UF Study: Families Stay On Welfare When Fathers Have Many Children

December 27, 2001

GAINESVILLE, Fla. — It’s the deadbeat dad, not the “welfare mom,” who is less likely to lift a family off social assistance programs, a new University of Florida study finds.

“The woman who has children by more than one man has become a pariah in society,” said Barbara Roth, a research analyst for UF’s Center for Humanities and Social Science Research who did the study for her doctoral dissertation in political science. “Yet this study found that men who have more children by multiple partners and remain absent from the home are a key factor in reducing the chances of a family getting off welfare.”

The fathers likely do not have the financial resources to pay child support for many children who may live in different homes, she said.

Using statewide computer records, Roth studied what factors affected case outcomes of 740 families in eight Florida counties who received Aid to Families with Dependent Children benefits shortly before the program was eliminated as part of the 1996 Federal Welfare Reform Act.

In her study, there were 1,124 men and 141 women who were absent parents. When the absent parent had other children with another partner, the family in her sample was 18 percent less likely to get off welfare at six months after the beginning of the study, she said.

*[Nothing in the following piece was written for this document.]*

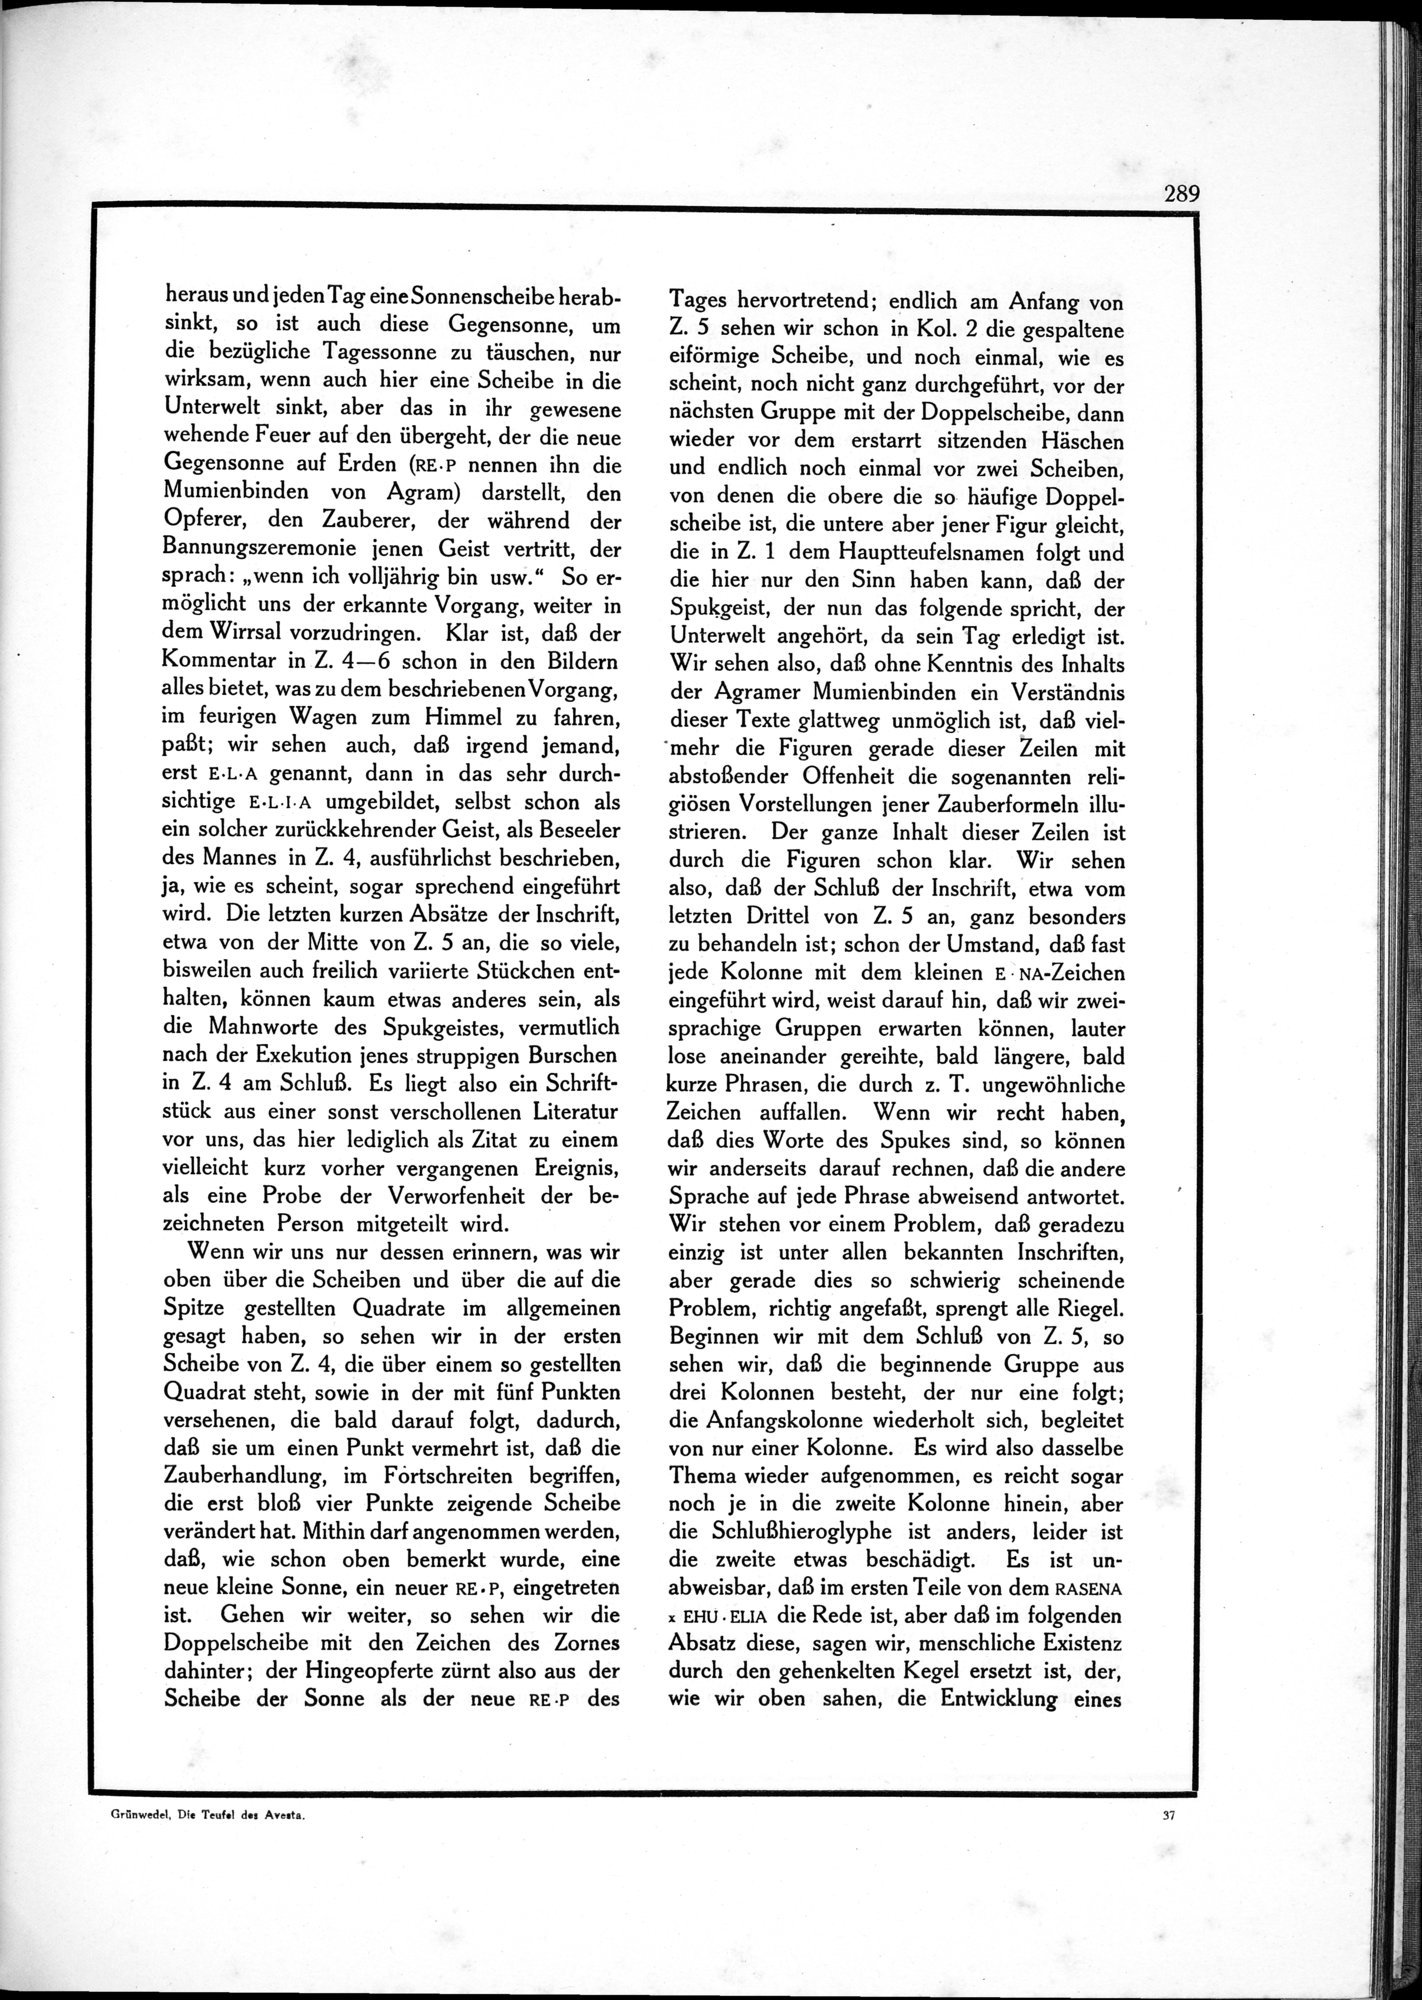 Die Teufel des Avesta und Ihre Beziehungen zur Ikonographie des Buddhismus Zentral-Asiens : vol.1 / Page 293 (Grayscale High Resolution Image)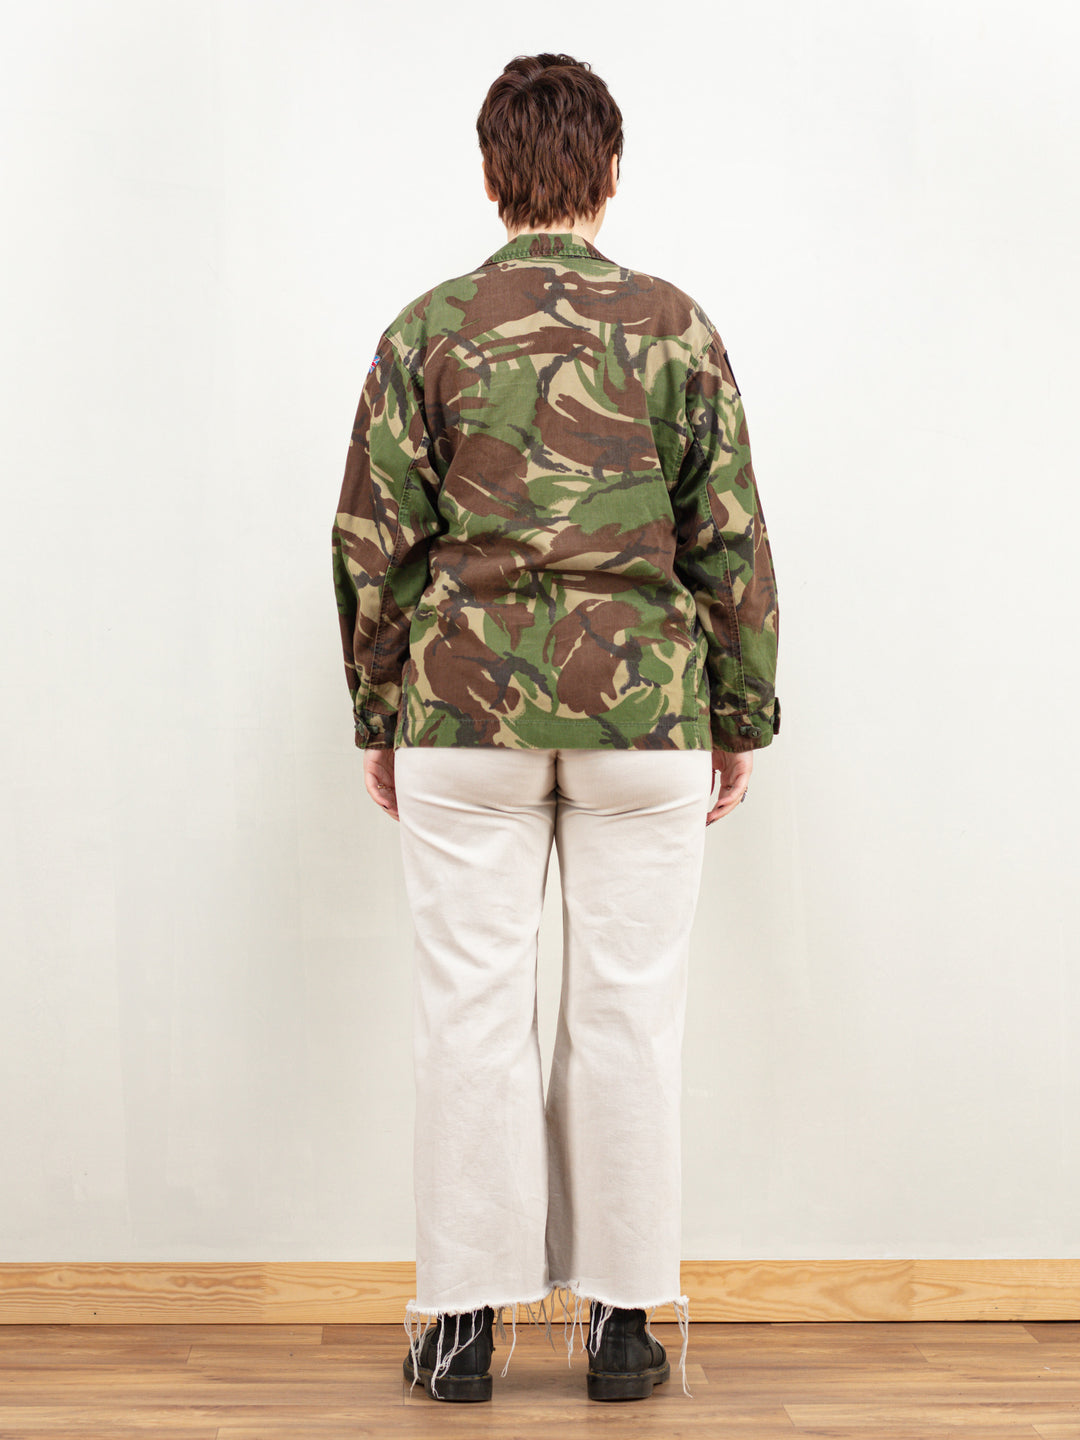 Vintage Military Jacket 90s camouflage jacket camo army outerwear unisex khaki jacket 80s field jacket vintage clothing size medium

The ‘absent parent’ has become increasingly part of the popular language with growing concerns over child support, but only as a source of money, said Roth, who handled welfare cases in north Central Florida for 10 years as a social worker for the state Department of Health and Rehabilitative Services.

“We need to look at the type of man who has many children by many women,” she said. “This may be a predatory male who is not taking responsibility for his own behavior.”

The UF study also found that the number of children a woman had made little or no difference in her ability to get off welfare. “This is much different than the ‘panic’ that describes welfare women as a population constantly having children out of wedlock,” she said.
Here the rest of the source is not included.